▸ Action item:
Please print out the entries below unchanged and skip the images.

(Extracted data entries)
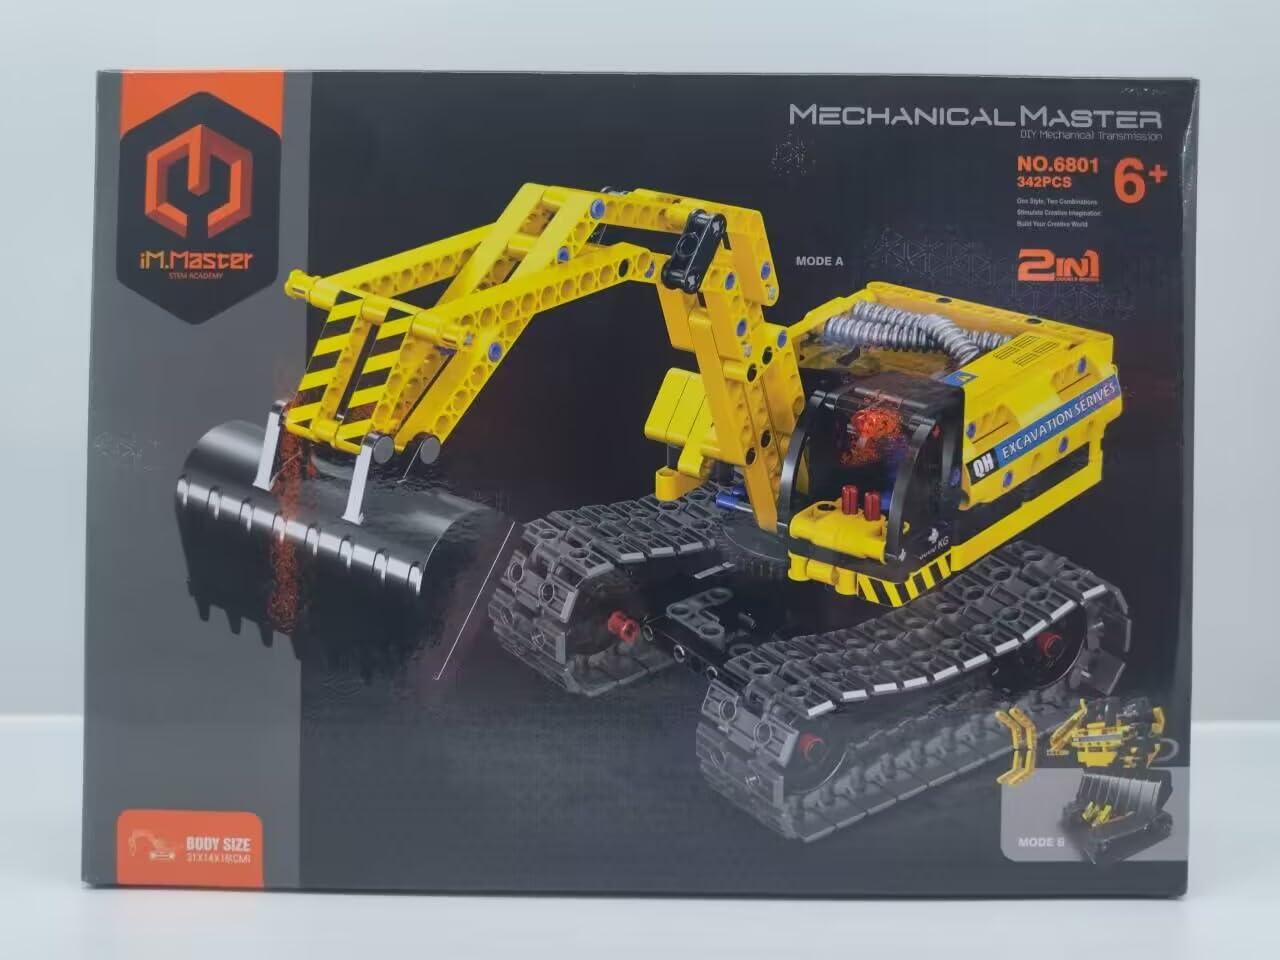 OKKIDY Building Toys Sets Excavators Robot 2-in-1, Technic Building Blocks, 342 PCS STEM Building Blocks Crane Toy Crawler Excavator & Robot Gift for Children 6 7 8 9 10 Years Old 2
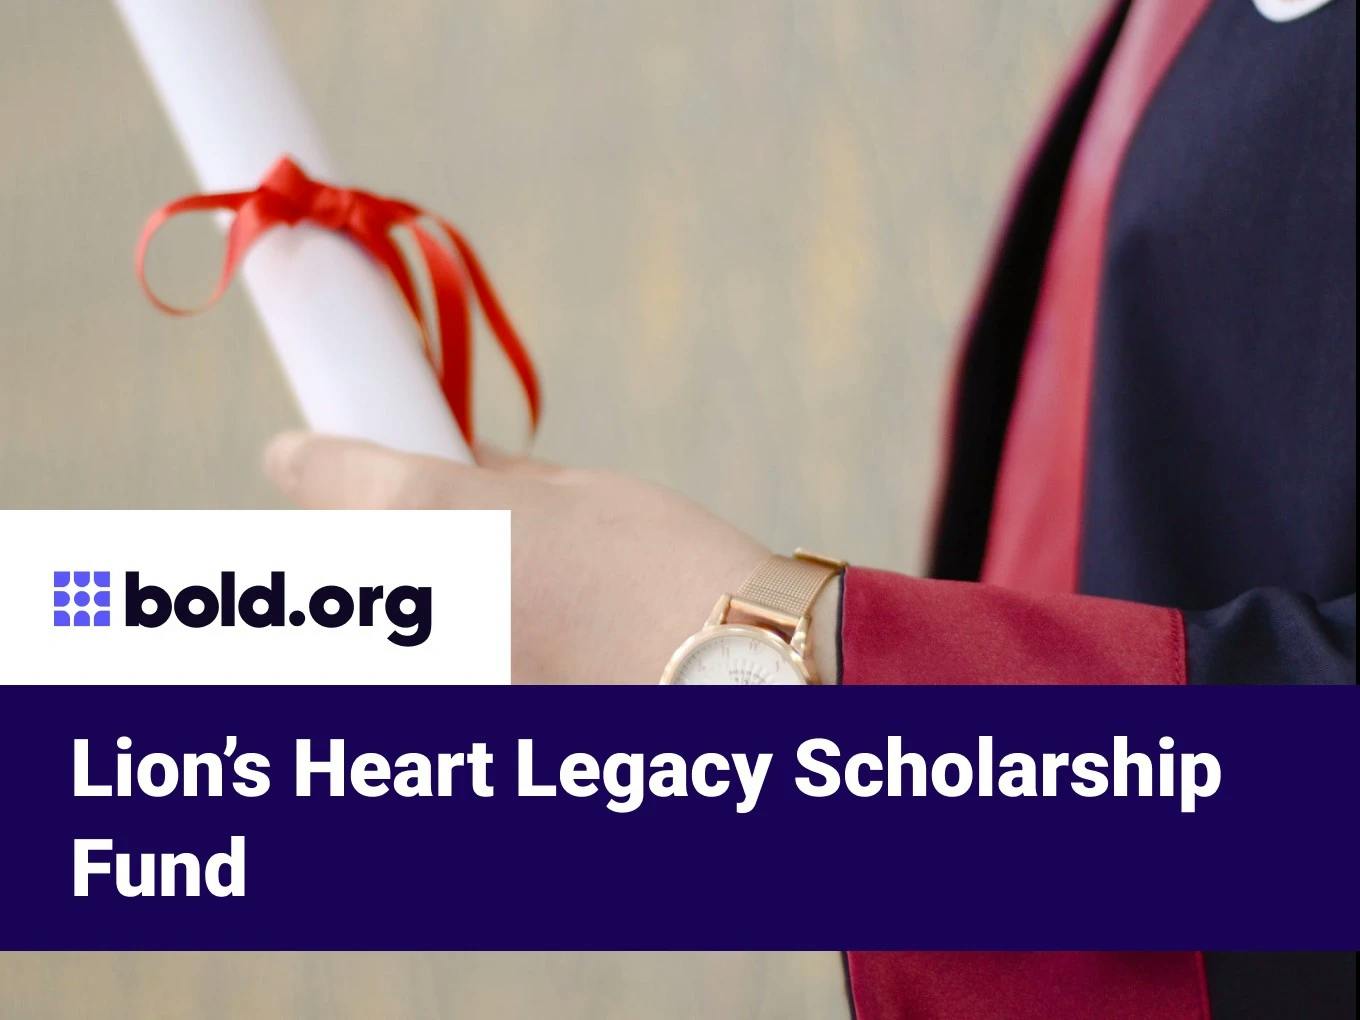 Lion’s Heart Legacy Scholarship Fund
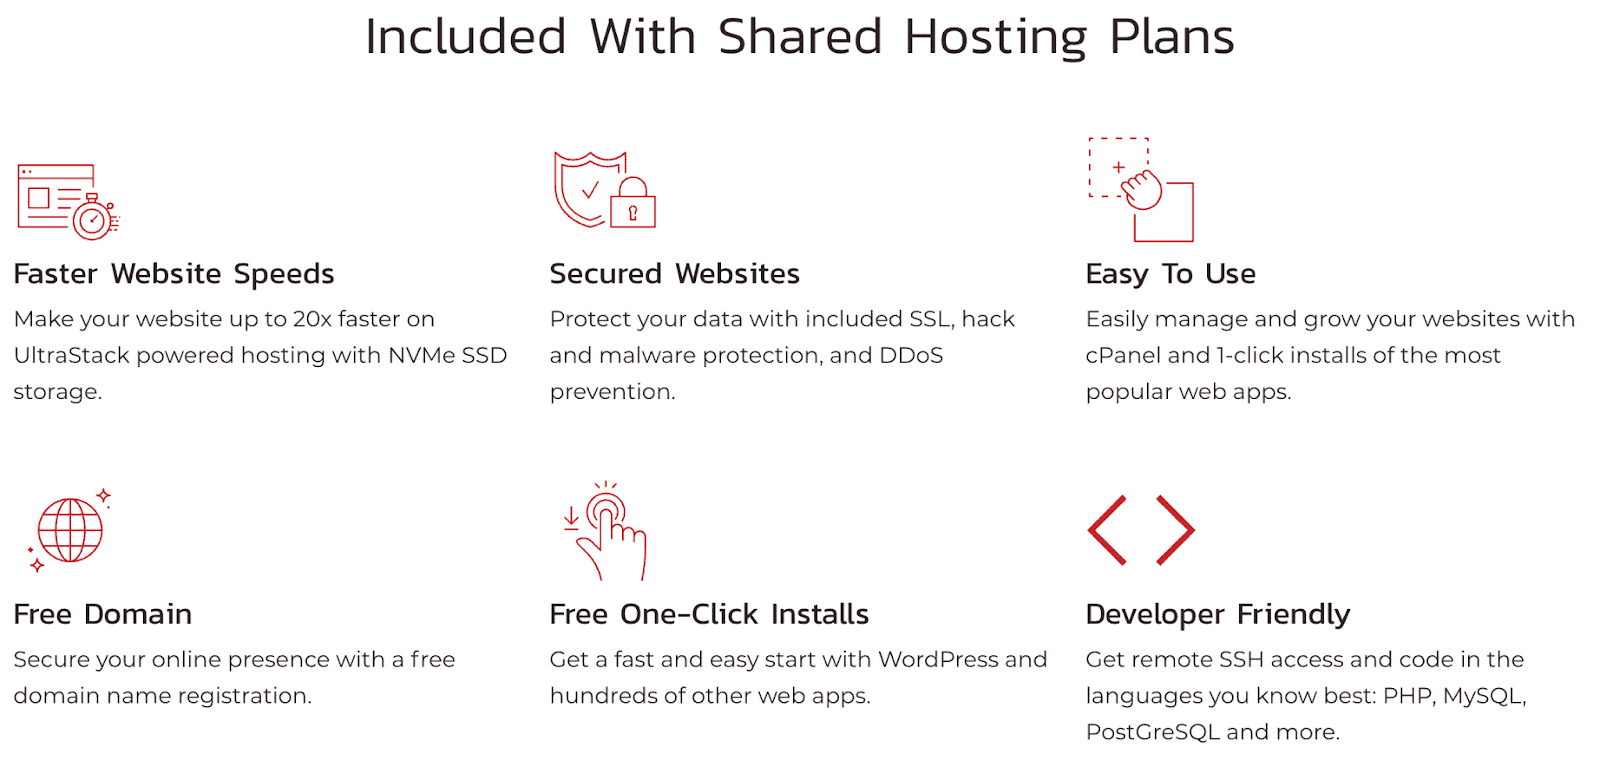 inmotion hosting, included with shared hosting plans
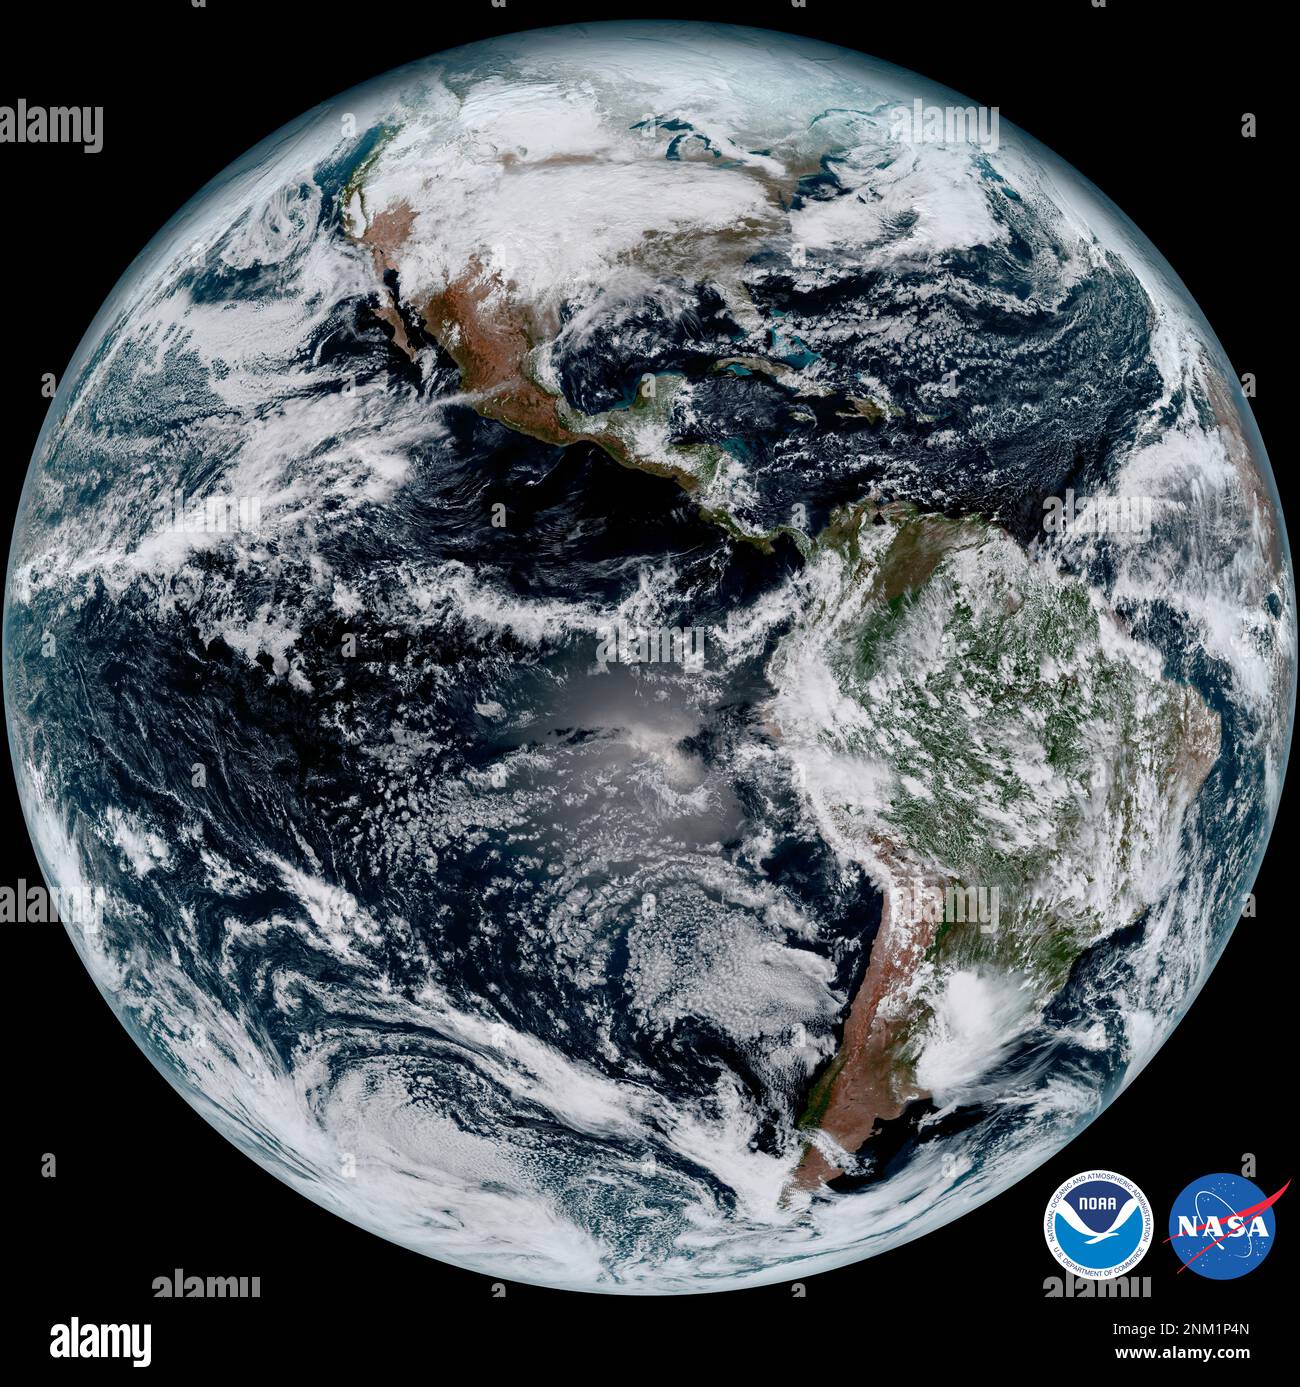 This composite color full-disk visible image of the Western Hemisphere was captured from NOAA GOES-16 satellite at 1:07 pm EST on Jan. 15, 2017 and created using several of the 16 spectral channels available on the satellite's sophisticated Advanced Baseline Imager. The image shows North and South America and the surrounding oceans ca. 15 January 2017 Stock Photo
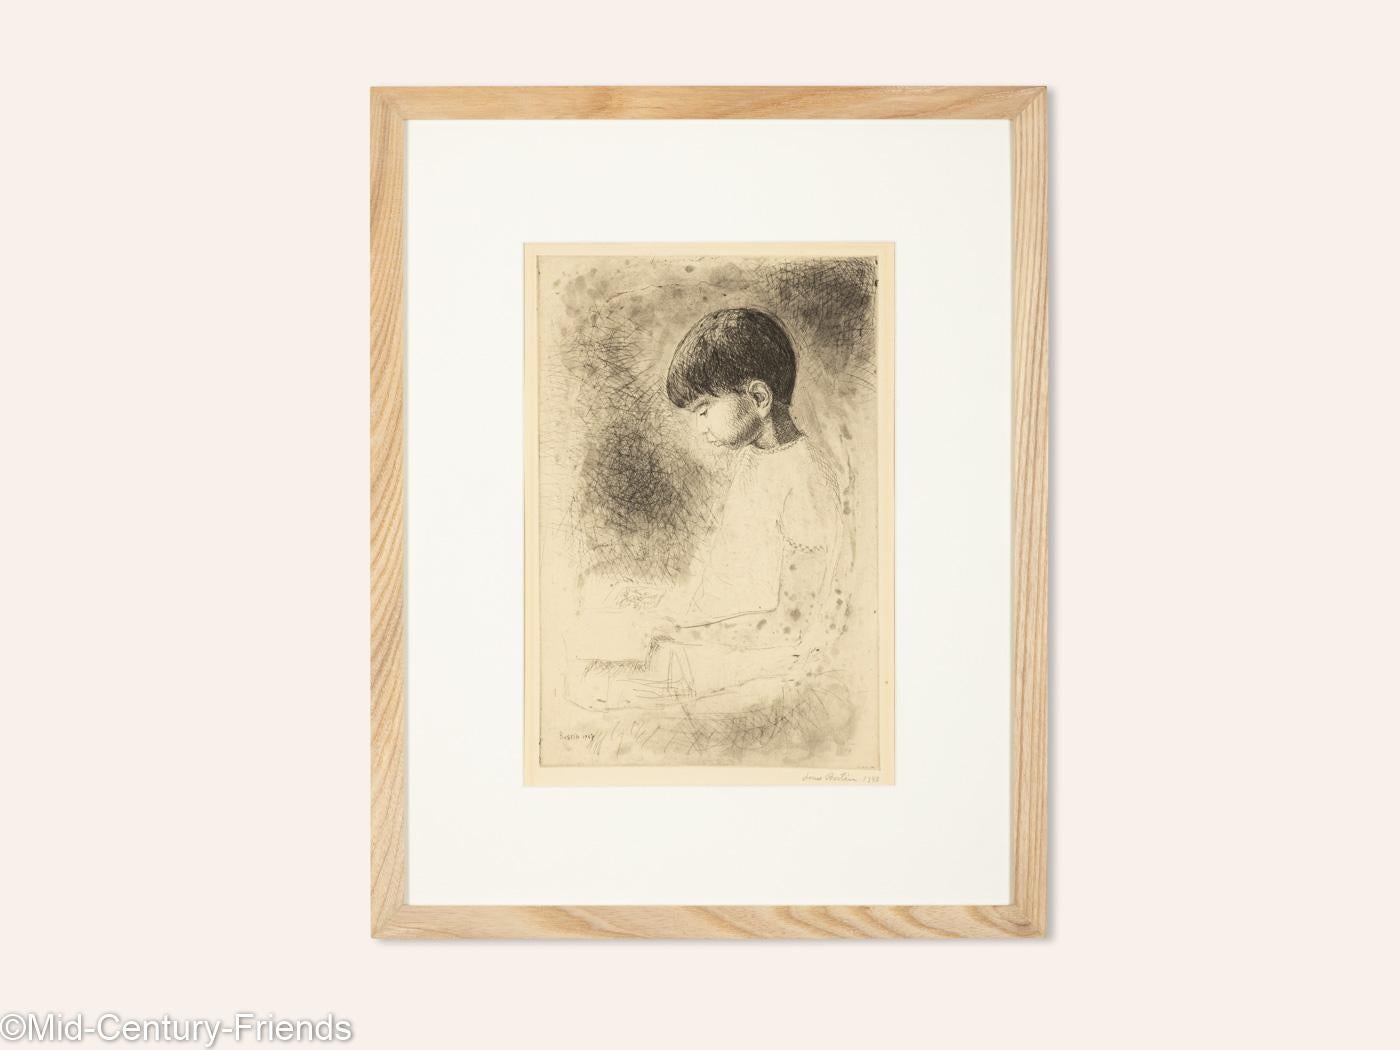 Louis BASTIN Study of a boy. This Etching shows the Portrait Study of a little boy. Handsigned and dated on 1948. Ready to hang. Framed with a passepartout in a handcrafted ash wood picture frame behind anti-reflective acrylic glass.
Size without

▸ Answer to the exercise:
 OKKIDY Building Toys Sets Excavators Robot 2-in-1, Technic Building Blocks, 342 PCS STEM Building Blocks Crane Toy Crawler Excavator & Robot Gift for Children 6 7 8 9 10 Years Old 2
 Lion’s Heart Legacy Scholarship Fund
 inmotion hosting, included with shared hosting plans
 This composite color full-disk visible image of the Western Hemisphere was captured from NOAA GOES-16 satellite at 1:07 pm EST on Jan. 15, 2017 and created using several of the 16 spectral channels available on the satellite's sophisticated Advanced Baseline Imager. The image shows North and South America and the surrounding oceans ca. 15 January 2017 Stock Photo
 Louis BASTIN Study of a boy. This Etching shows the Portrait Study of a little boy. Handsigned and dated on 1948. Ready to hang. Framed with a passepartout in a handcrafted ash wood picture frame behind anti-reflective acrylic glass.
Size without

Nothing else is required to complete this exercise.